Heat transfer is a discipline of thermal engineering that concerns the generation, use, conversion, and exchange of thermal energy (heat) between physical systems. Heat transfer is classified into various mechanisms, such as thermal conduction, thermal convection, thermal radiation, and transfer of energy by phase changes. Engineers also consider the transfer of mass of differing chemical species, either cold or hot, to achieve heat transfer. While these mechanisms have distinct characteristics, they often occur simultaneously in the same system.
Heat conduction, also called diffusion, is the direct microscopic exchange of kinetic energy of particles through the boundary between two systems. When an object is at a different temperature from another body or its surroundings, heat flows so that the body and the surroundings reach the same temperature, at which point they are in thermal equilibrium. Such spontaneous heat transfer always occurs from a region of high temperature to another region of lower temperature, as described in the second law of thermodynamics.

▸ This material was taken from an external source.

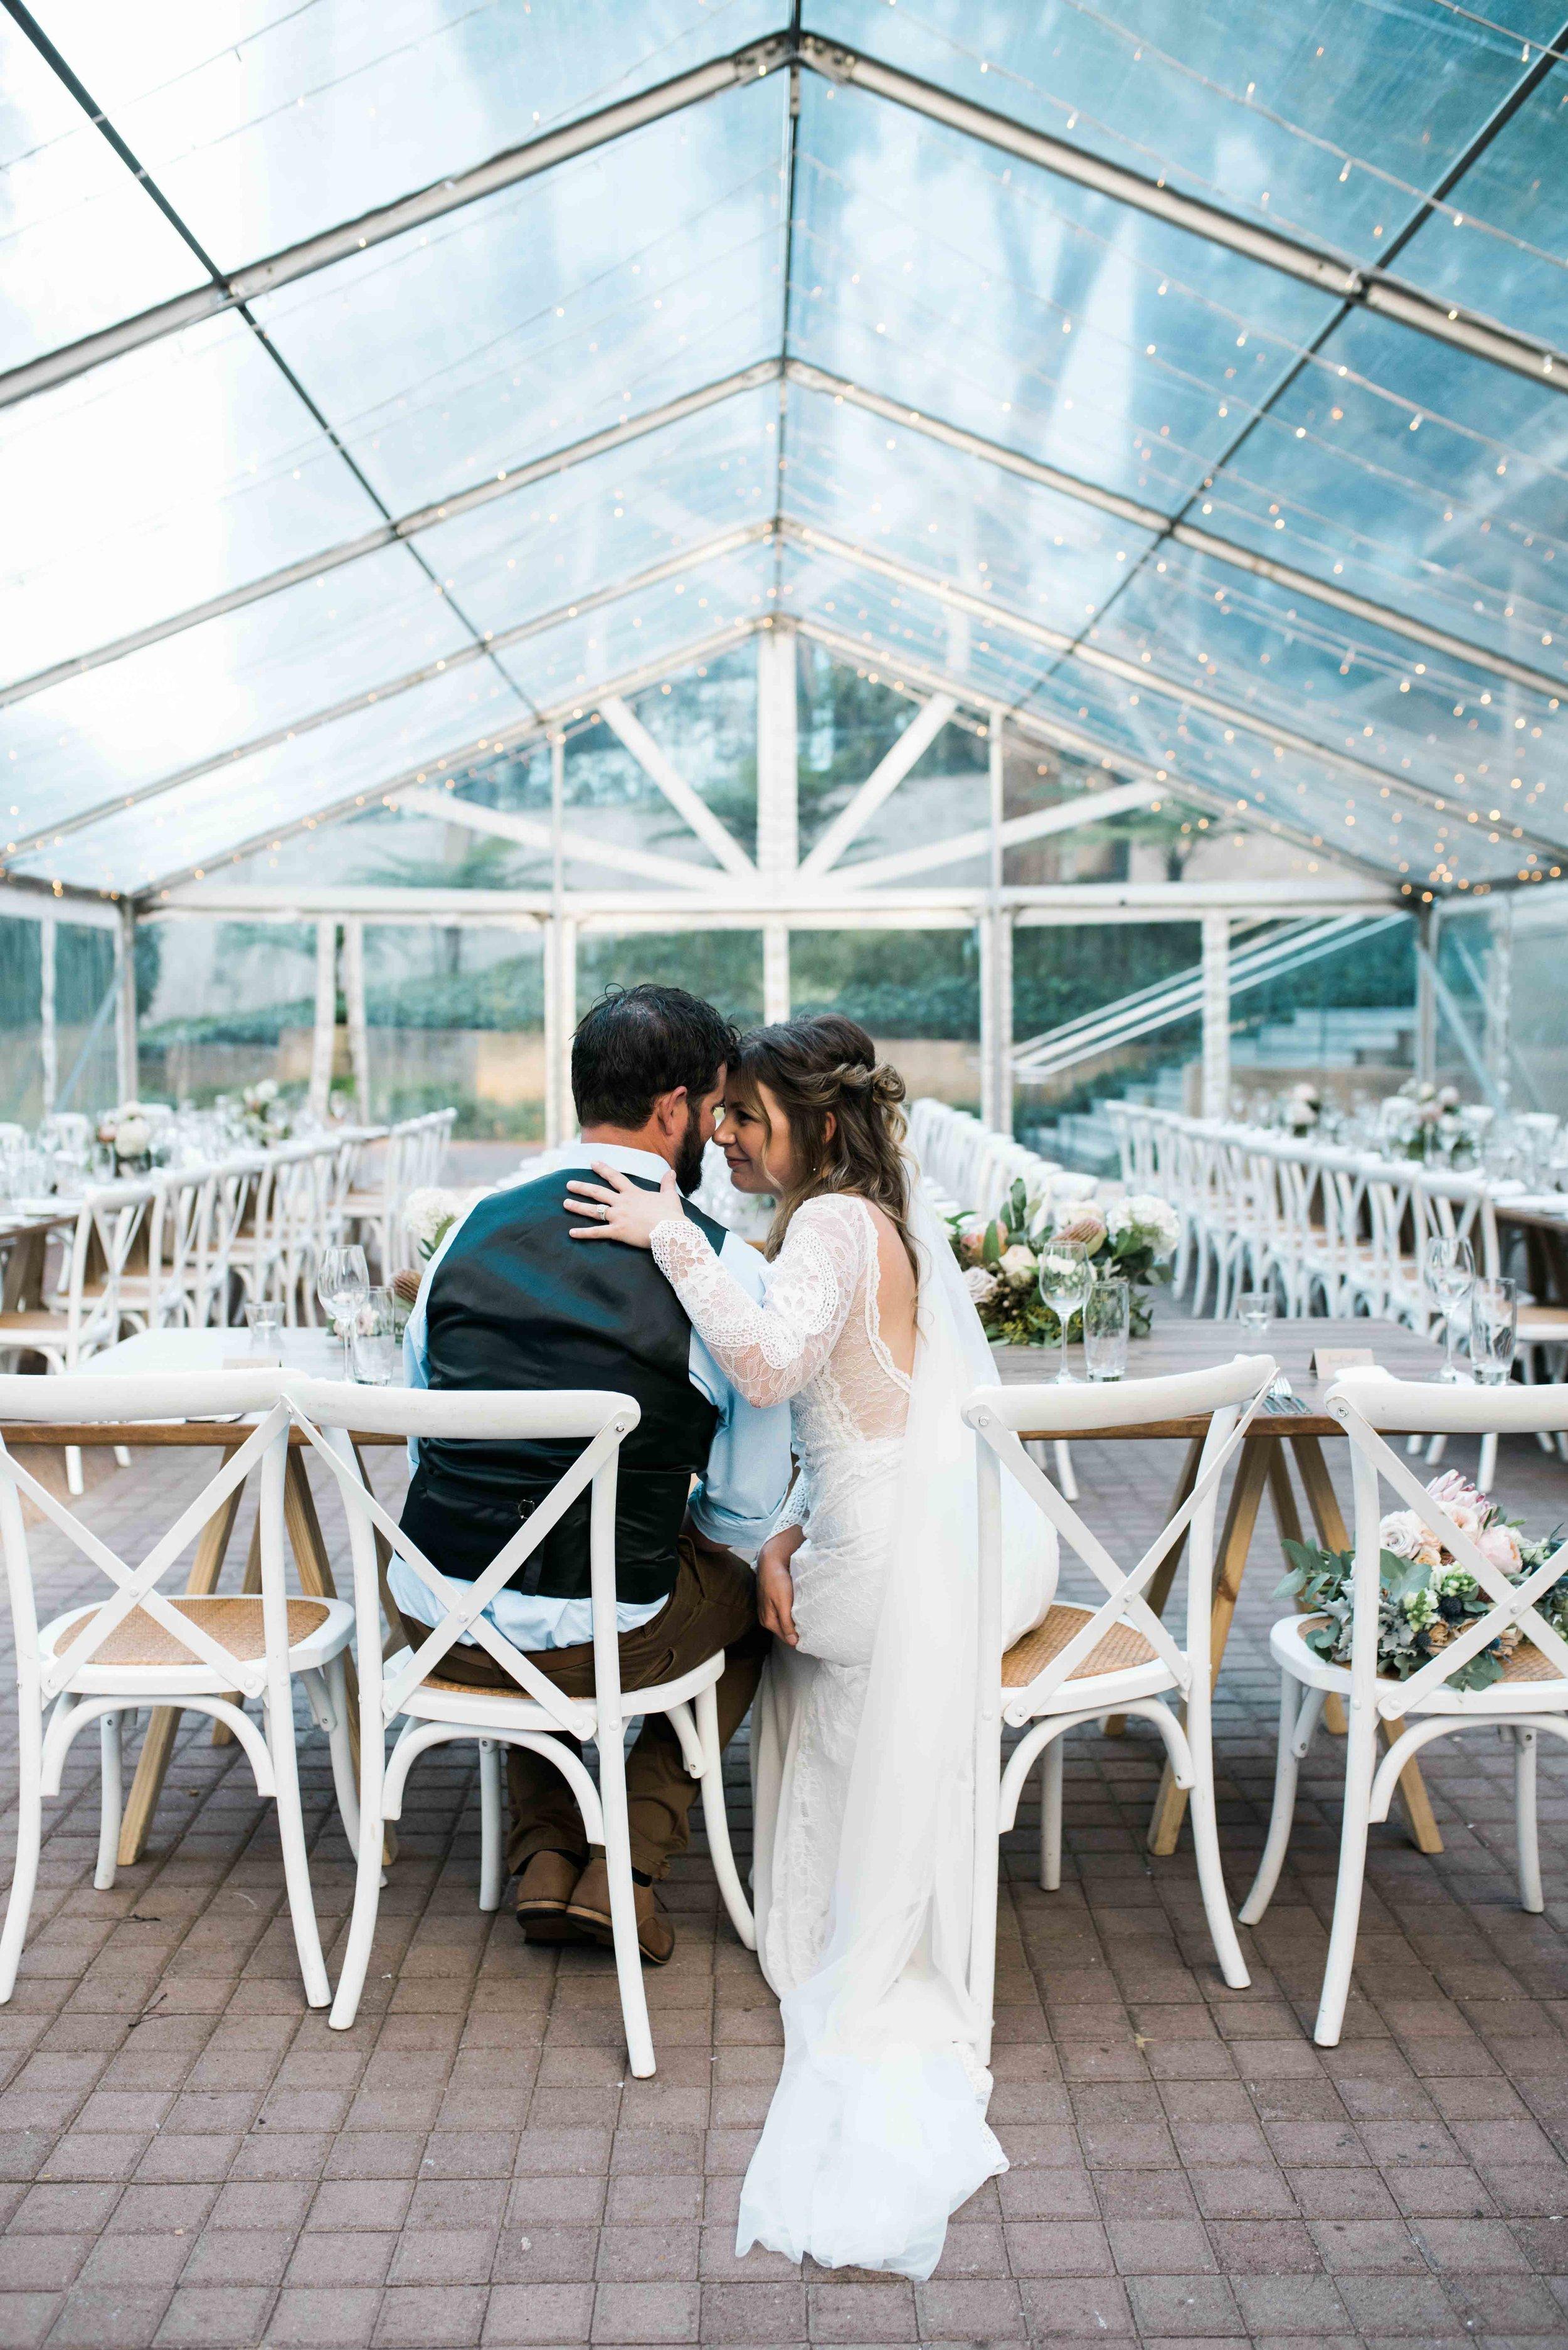 Wedding Planning & Styling
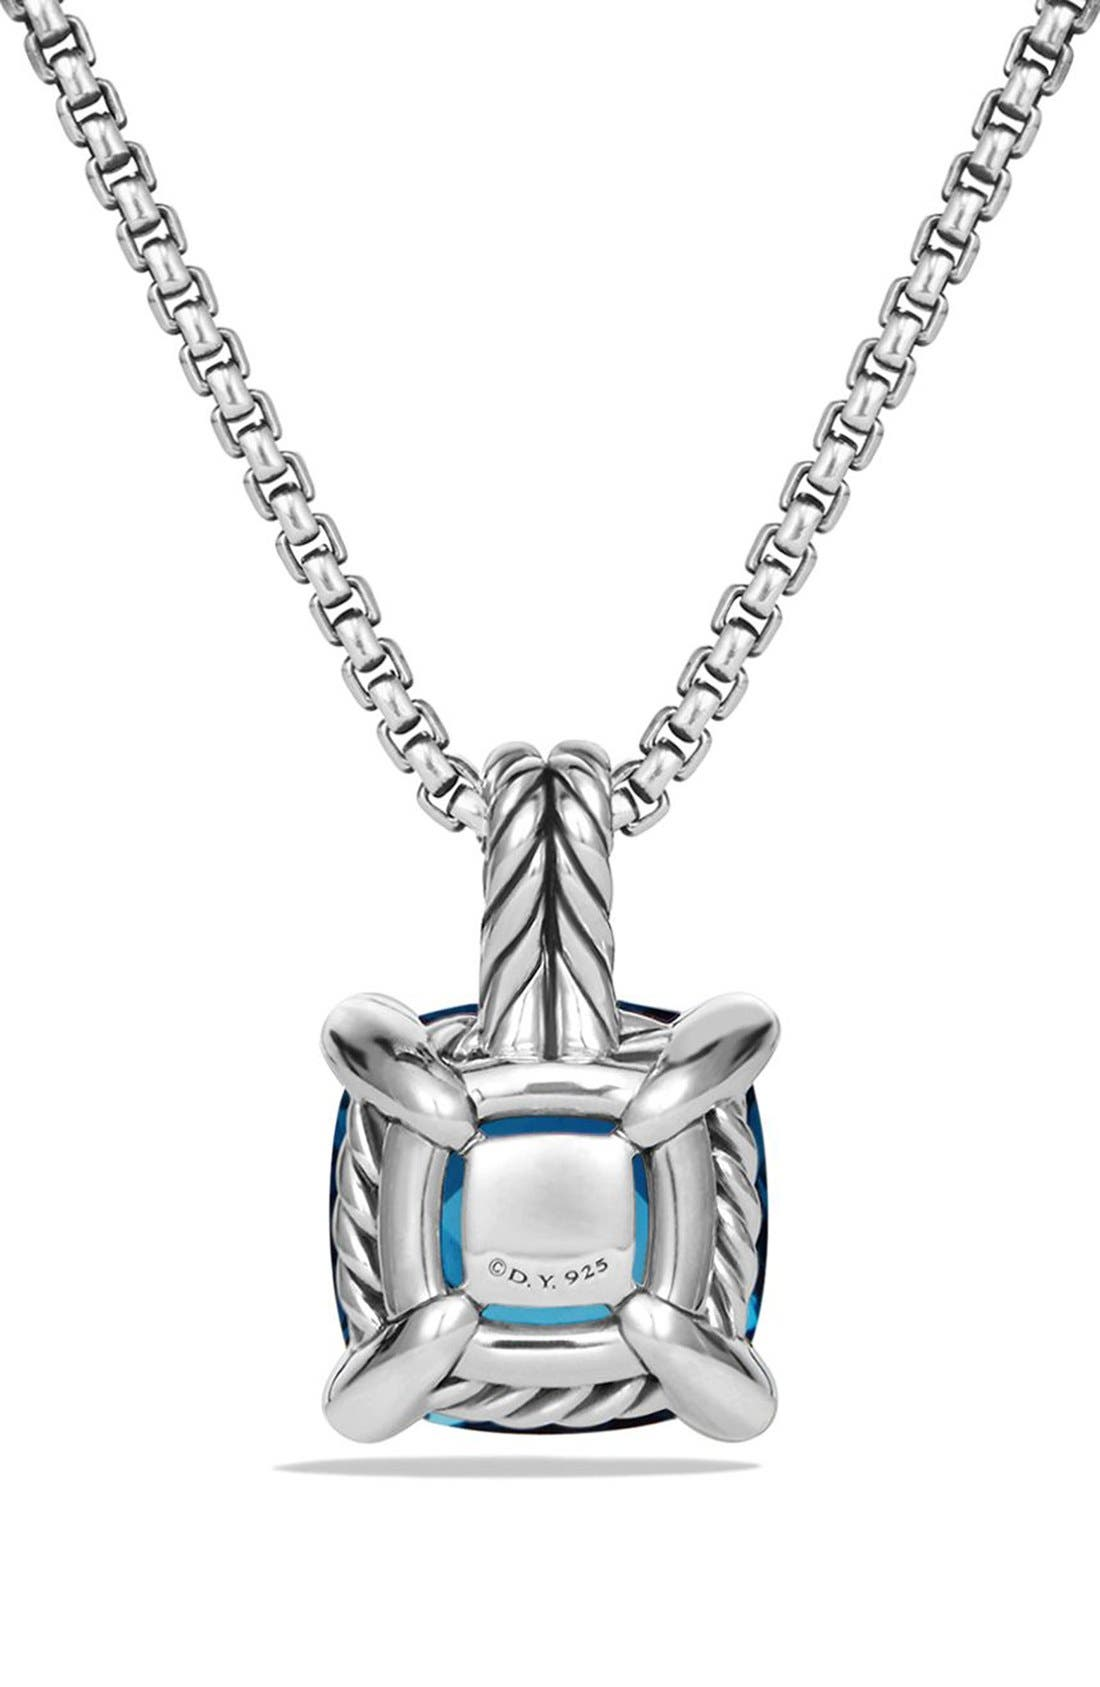 'Châtelaine' Pendant Necklace with Semiprecious Stone & Diamonds,                             Alternate thumbnail 4, color,                             SILVER/ HAMPTON BLUE TOPAZ

Heat convection occurs when bulk flow of a fluid (gas or liquid) carries heat along with the flow of matter in the fluid. The flow of fluid may be forced by external processes, or sometimes (in gravitational fields) by buoyancy forces caused when thermal energy expands the fluid (for example in a fire plume), thus influencing its own transfer. The latter process is often called “natural convection”. All convective processes also move heat partly by diffusion, as well. Another form of convection is forced convection. In this case the fluid is forced to flow by use of a pump, fan or other mechanical means.
Thermal radiation occurs through a vacuum or any transparent medium (solid or fluid or gas). It is the transfer of energy by means of photons in electromagnetic waves governed by the same laws.